I have been reading the work of Rene Girard now for a quarter century and have been applying the insights of the mimetic theory to the Bible and Christian theology for all that time. Girard is not a theologian but he has provided us with an anthropology, a way of understanding the human and human culture that explains so much of the data from so many sciences that its insights have become conclusive for me (or at least as conclusive as one can admit to in our postmodern world).
In mimetic theory, both religion and culture originate from the same place: the generative mimetic scapegoating mechanism (as Robert Hamerton-Kelly so aptly named it). As humans evolved and became more and more violent, in order to stop groups from total collapse, humans learned to turn their collective hostilities onto a single victim, thus temporarily securing ‘peace’ through cannibalistic cooperation.
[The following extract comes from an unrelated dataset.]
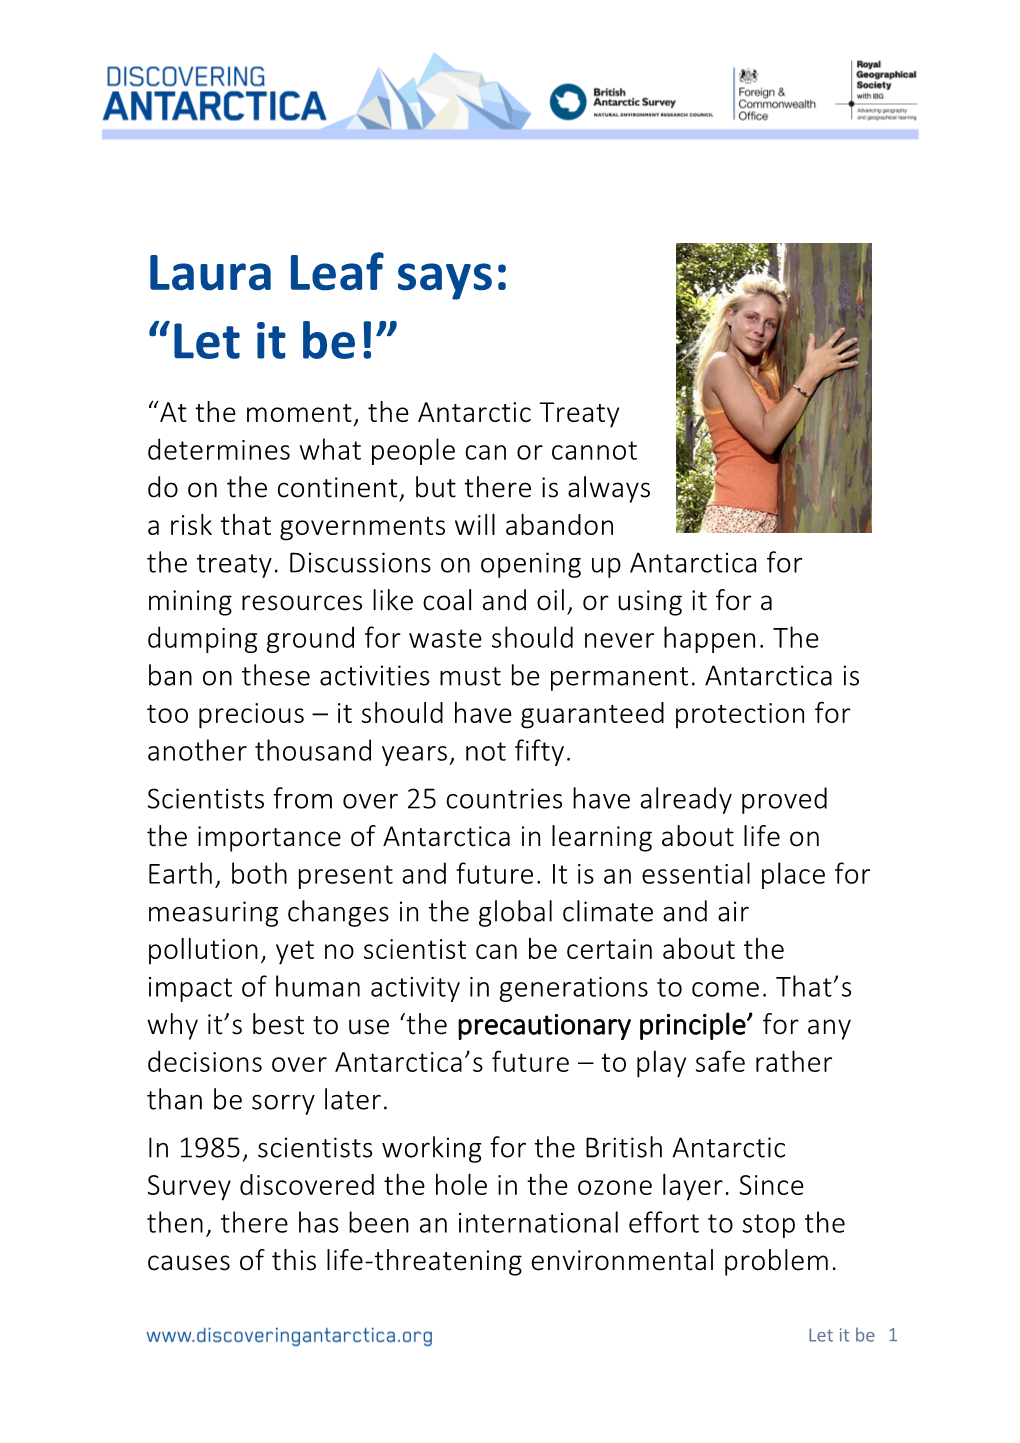 Laura Leaf Says: Let It Be!

This cooperation is the ground for culture and the ritualizing of this mechanism is the ground of religion.
Religion is widely criticized, vilified and condemned in the world today. It is easy to see why. The interface between religion and war, politics, money and power (in other words, human culture), leaves us feeling uneasy or angry, frightened or dystopian. From ISIS in the Mid-East to the flag waving rallies of American Christianity, all around the world we see the ever present specter of a god who devours humanity, of a god who hates the other. We start and fight wars for this god, we behead others for this god, we send others to concentration and labor camps in the name of this god and we have secularized this god in the form of the modern nation-state. There is only one god in this world and its name is Violence and Death.